Hay Michael P, Gamage Swarna A, Kovacs Mary S, Pruijn Frederik B, Anderson Robert F, Patterson Adam V, Wilson William R, Brown J Martin, Denny William A
Auckland Cancer Society Research Centre, Faculty of Medical and Health Sciences, The University of Auckland, Private Bag 92019, Auckland, New Zealand.
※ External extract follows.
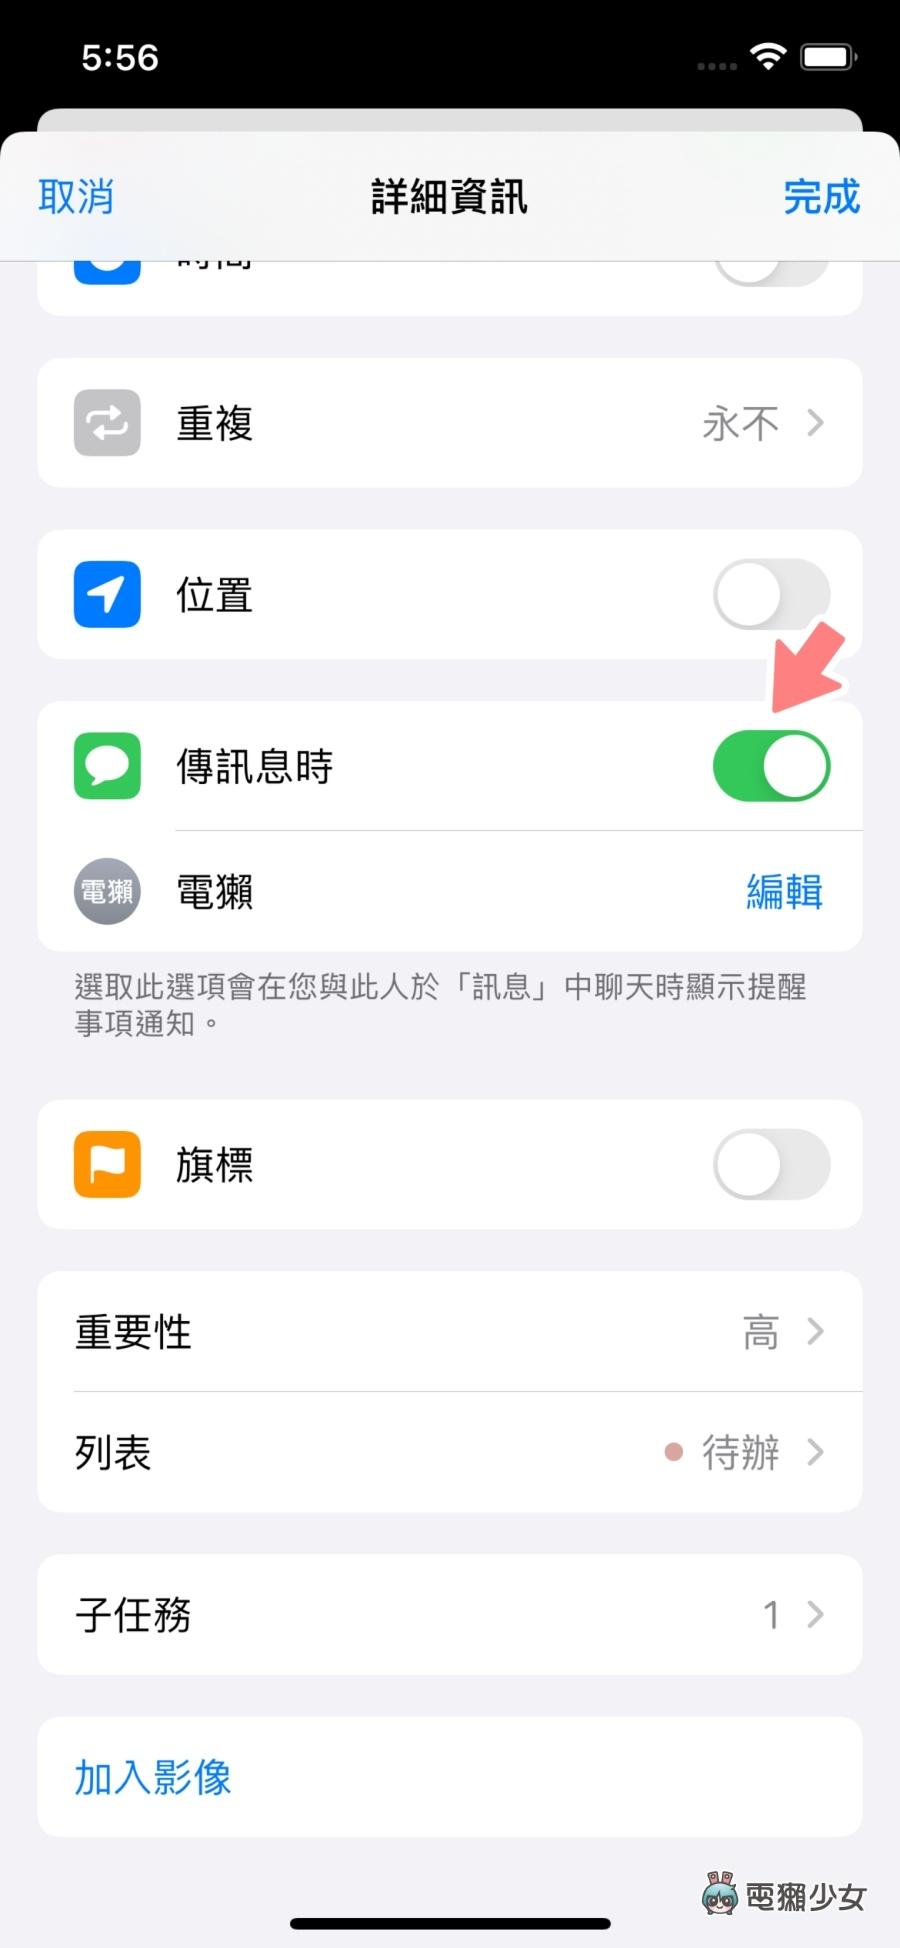 iPhone 提醒事項有這些功能?快速掃描文件、拍攝照片、還可以在傳訊息時設定提醒通知!
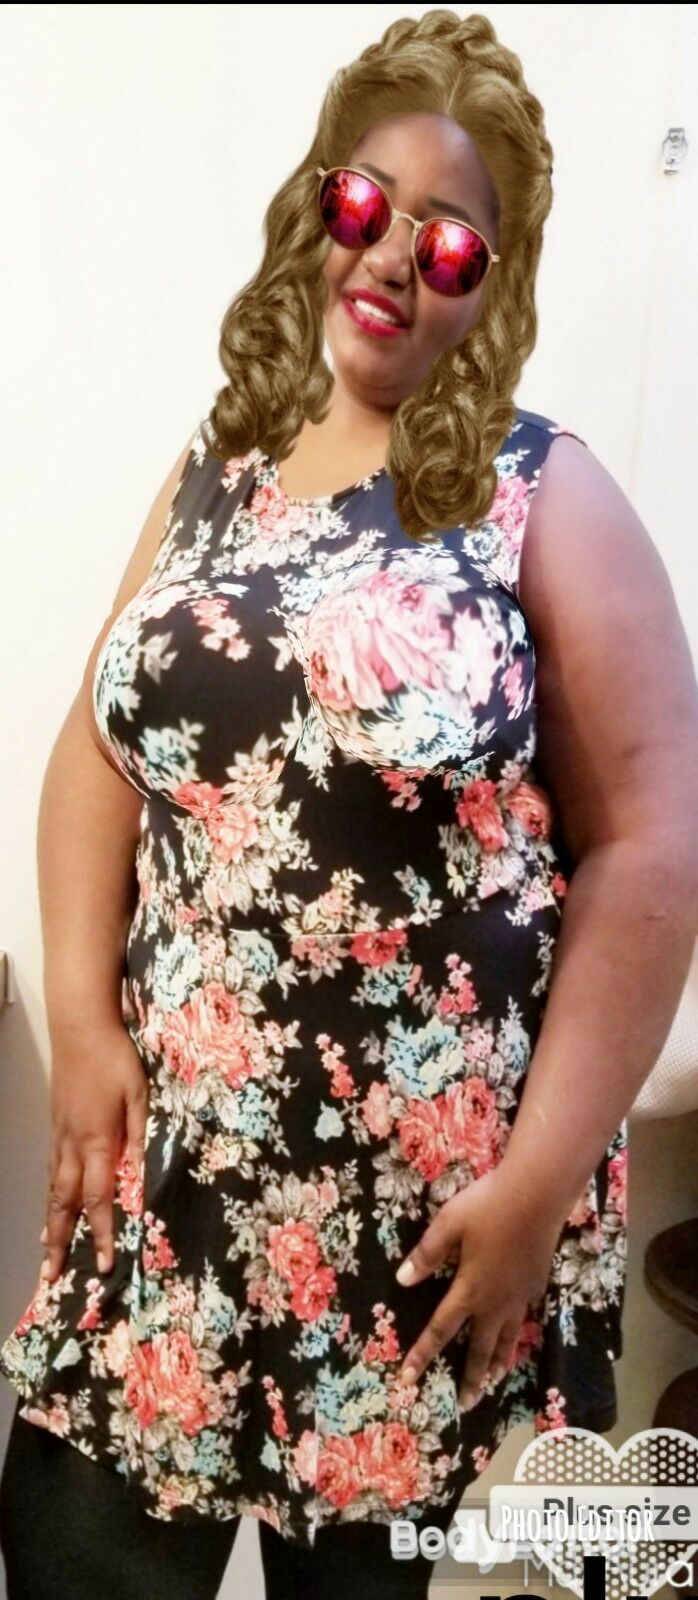 Plus Size Swim dresses and pants for   Women (XL,2XL,3XL and 4XL)  Curvey women

J Med Chem. 2003 Jan 2;46(1):169-82. doi: 10.1021/jm020367+.
Tirapazamine (TPZ, 1,2,4-benzotriazin-3-amine 1,4-dioxide) is a bioreductive hypoxic cytotoxin currently in Phase II/III clinical trials in combination with radiotherapy and with cisplatin-based chemotherapy. As part of a program to develop TPZ analogues with improved solubility/potency and therapeutic indices, we synthesized 34 1,2,4-benzotriazin-3-amine 1,4-dioxides (BTO) to examine structure-activity relationships (SAR) for ring substitution. The electronic, hydrophobic, and steric parameters of substituents at the 5-, 6-, 7-, and 8-positions were systematically varied, and the aqueous solubility and one-electron reduction potentials [E(1)] of the analogues were determined. For each compound, we determined cell killing of mouse SCCVII tumor cells in vitro under aerobic and hypoxic conditions by clonogenic survival and determined their relative hypoxic toxicity (RHT; relative to TPZ) and hypoxic cytotoxicity ratio (HCR). A subset of compounds was independently evaluated using a 96-well SRB proliferation assay, the data from which correlated well with that derived by the clonogenic endpoint. Most substituents, except 5- and 8-dimethylamino and 8-diethylamino, gave analogues less soluble than TPZ. E(1) values ranged from -240 mV through -670 mV (with TPZ having a value of -456 mV) and correlated well with the electronic parameter sigma for substituents at the 5-, 6-, 7-, and 8-positions. Aerobic cytotoxic potency showed a strong positive correlation with E(1) (i.e., electron-withdrawing substituents increased aerobic toxicity). Hypoxic cytotoxicity also generally increased with increasing E(1), with a maximum (RHT up to 3.9-fold) seen in halo- and trifluoromethyl-substituted BTO derivatives having E(1) between ca. -370 to -400 mV. Analogues with high HCRs (>50) all had E(1)s in the range -450 to -510 mV (weakly electron-donating substituents) with the exception of the 8-CF(3) analogue, which had an HCR of 112 against SCCVII despite a high E(1) of -372 mV). The results suggest that ring-A substituents in BTO analogues can be used to predictably vary one-electron reduction potentials and also provide a much better definition than previously of the optimum range of these reduction potentials for a desirable biological activity profile (high HCR, RHT, and solubility).
替拉扎明(TPZ,1,2,4-苯并三嗪-3-胺1,4-二氧化物)是一种生物还原型低氧细胞毒素,目前正处于与放疗以及基于顺铂的化疗联合使用的II/III期临床试验阶段。作为开发具有改善的溶解度/效力和治疗指数的TPZ类似物计划的一部分,我们合成了34种1,2,4-苯并三嗪-3-胺1,4-二氧化物(BTO),以研究环取代的构效关系(SAR)。系统地改变了5-、6-、7-和8-位取代基的电子、疏水和空间参数,并测定了类似物的水溶性和单电子还原电位[E(1)]。对于每种化合物,我们通过克隆存活法测定了其在需氧和低氧条件下对小鼠SCCVII肿瘤细胞的体外杀伤作用,并确定了它们的相对低氧毒性(RHT;相对于TPZ)和低氧细胞毒性比(HCR)。使用96孔SRB增殖试验对一部分化合物进行了独立评估,其数据与通过克隆终点得出的数据相关性良好。除了5-和8-二甲基氨基以及8-二乙氨基外,大多数取代基得到的类似物的溶解度都低于TPZ。E(1)值范围为-240 mV至-670 mV(TPZ的值为-456 mV),并且与5-、6-、7-和8-位取代基的电子参数sigma相关性良好。需氧细胞毒性效力与E(1)呈强正相关(即吸电子取代基增加需氧毒性)。低氧细胞毒性通常也随着E(1)的增加而增加,在E(1)约为-370至-400 mV的卤代和三氟甲基取代的BTO衍生物中观察到最大值(RHT高达3.9倍)。具有高HCR(>50)的类似物的E(1)值均在-450至-510 mV范围内(弱供电子取代基),但8-CF(3)类似物除外,尽管其E(1)较高,为-372 mV,但对SCCVII的HCR为112。结果表明,BTO类似物中的A环取代基可用于可预测地改变单电子还原电位,并且比以前更好地定义了这些还原电位对于理想生物活性谱(高HCR、RHT和溶解度)的最佳范围。